Пржевальский вдруг сардонически захохотал. Я почувствовал легкое беспокойство, но тут прилетел вожак стаи с записочкой от любимой. «Сижу в очереди. Очень люблю. Помидоры здесь по тридцать. Температура воды +17. Крепость вина та же».
Я написал семьдесят семь стихотворений на кленовых листьях, обвешал ими голубя и отправил к любимой. Улетающий голубь громко шелестел.
– Вот так! – гордо сказал я Бенджи.
– Должно быть, вы плохо играете в шахматы, – заметил верблюд. – Опасно принимать жертвы.

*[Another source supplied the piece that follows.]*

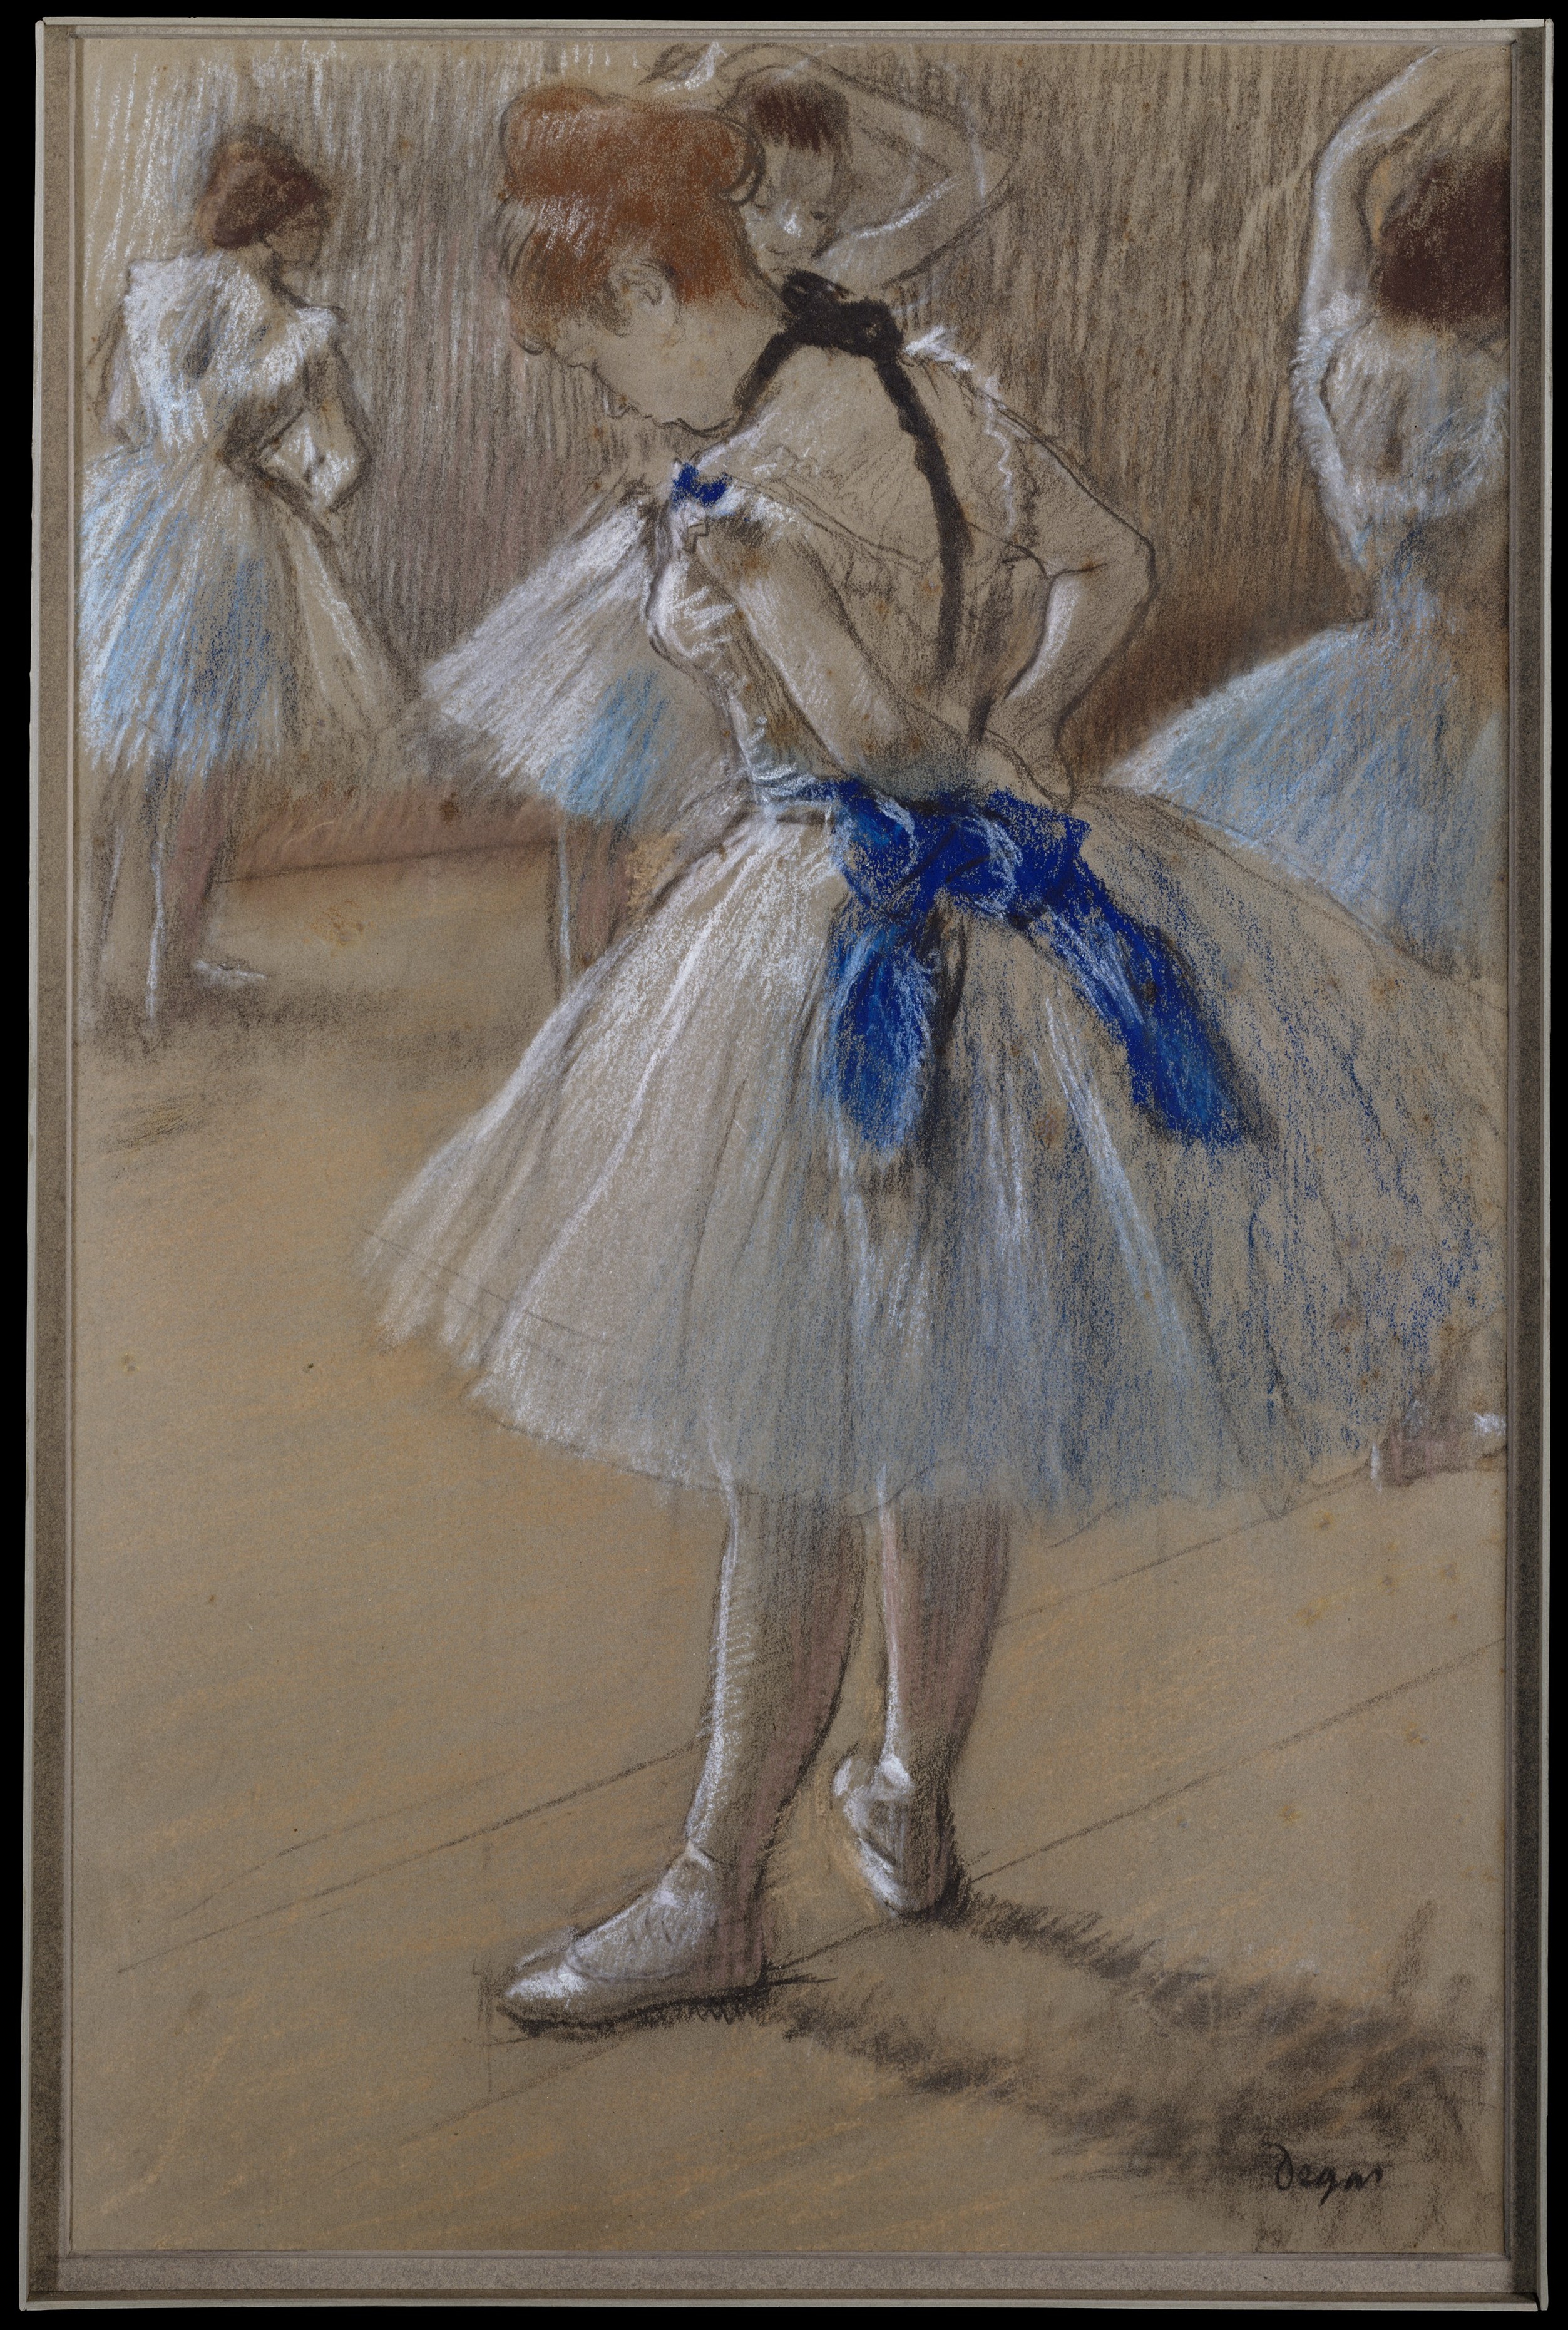 Edgar Degas Dancer The Metropolitan Museum of Art

«А! Чего он вообще понимает! Индюк бронзовый!» – думал я, но не говорил, потому что боялся тяжелых копыт.
Любимая пришла через три дня. Я заметил ее издали. Она шла своей обычной походкой, слегка вразвалочку покинув раздевалочку, и улыбалась на все сто процентов.
– Тебя на работе ищут, – сказала она.
– Нашли где искать, – сказал я. – А в твоей сумочке меня не ищут?

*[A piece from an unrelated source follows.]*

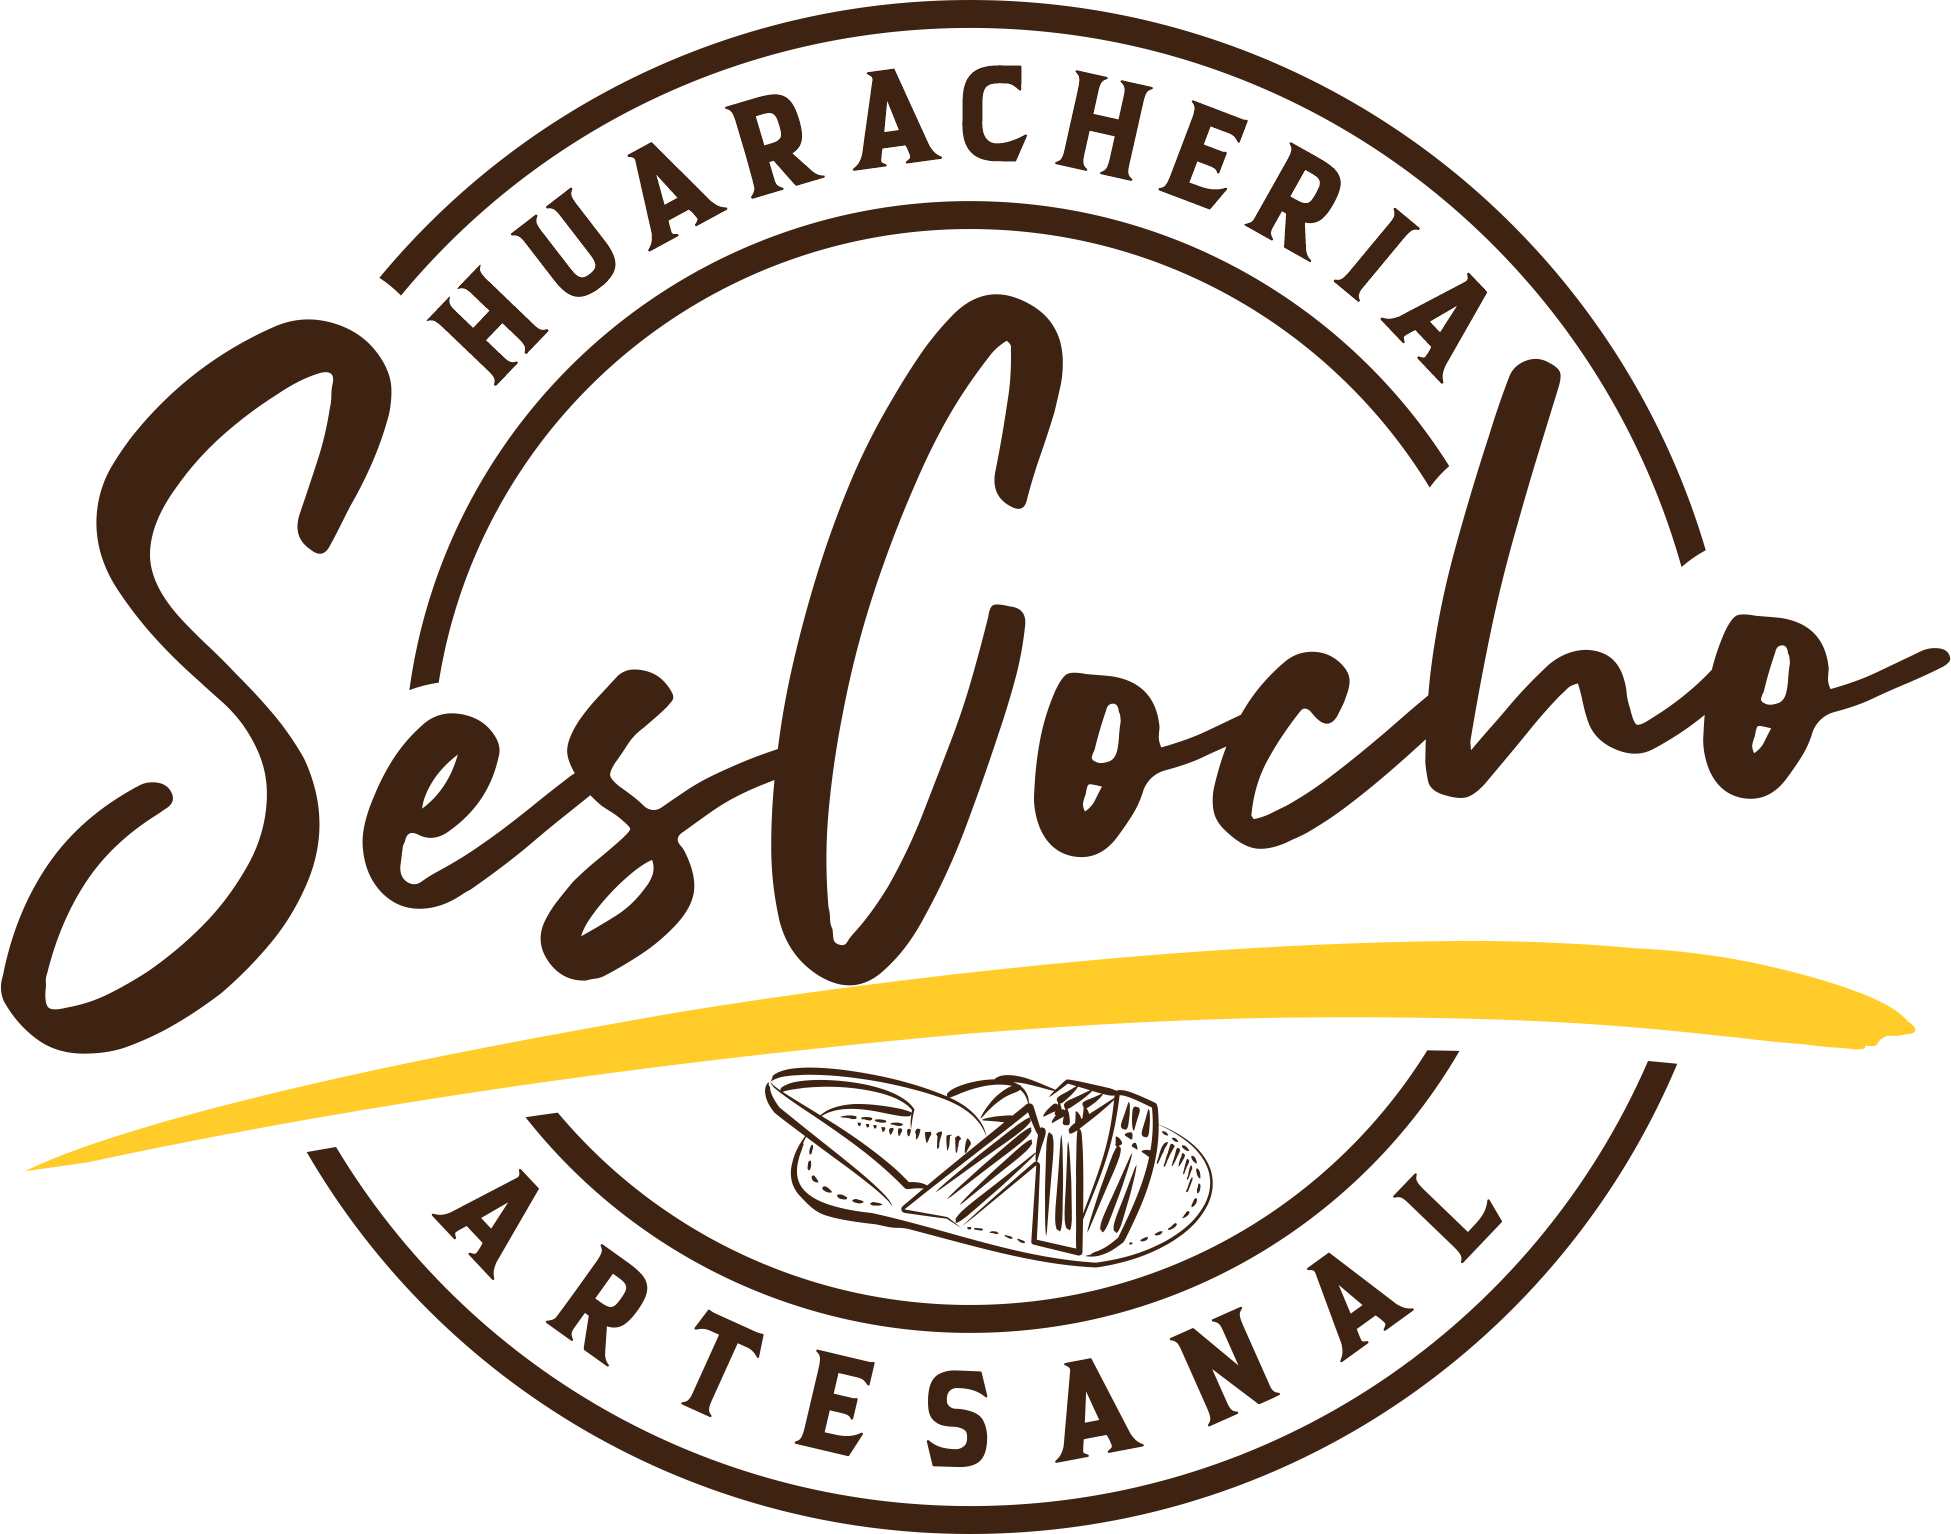 Sescocho Huaracheria

– Как я не люблю твои жлобские шутки! – рассердилась она.
От таких ее слов несколько близлетающих голубей скончались. Они упали на аллею с мягким стуком. Это был неприятный и тревожный симптом. И тут любимая взглянула на меня, и глаза ее опустели. Взгляд ее стал похож на дом, из которого вынесли мебель. Последний шкаф или диван еще с грохотом тянули по лестнице.
– Но-но! – закричал я. – Кто разрешил? Почему меня не спросили? Я ответственный квартиросъемщик!
Но было уже поздно. Она стала говорить, что что-то то ли опустилось, то ли улетело, то ли уплыло. Я все старался представить себя это «что-то». У меня получался странный аппарат типа дирижабля, который держался на ниточке, потом опустился, рванулся и улетел.
Любимая съежилась и провалилась в щель телефонного аппарата.
Я хотел последовать за ней, но не пролез. Раздались долгие гудки, потом голос ее мужа сказала: «Да…»
Я пошел к Бенджи. Под мышкой у меня была бутылка вина. Я выпил ее на нашей скамейке и стал жаловаться Бенджи на любимую. Я говорил, что Бенджи был тысячу раз прав. Но благородный верблюд отнюдь не торжествовал.
– Ладно. План такой, – сказал он, выслушав меня. – Сдаем бутылки и…
– И? – с надеждой спросил я.
– И на полном скаку, с саблей наголо! Асса! – закричал Бенджи, вскочил на ноги и дико тряхнул горбами.
Я взлетел на него, и мы помчались по городу, привлекая внимание. Бутылки мы сдали молниеносно.
– Сдачи не надо! – гордо крикнул Бенджи, и мы поскакали в наше учреждение.
Как он скакал! Как дышал! Как звенела мостовая!
Вахтерша в нашей конторе пила чай. Царство ей небесное! Это зрелище не для слабонервных, когда мы с Бенджи подобным образом выходим из берегов. Ноздри у меня раздувались, я помахивал саблей, бедуинская чалма развевалась позади. И непрерывные соловьиные трели милицейских свистков. Счастье! Это было счастье.
Мы ворвались в лабораторию, проломив дверь бронзовой мордой Бенджи.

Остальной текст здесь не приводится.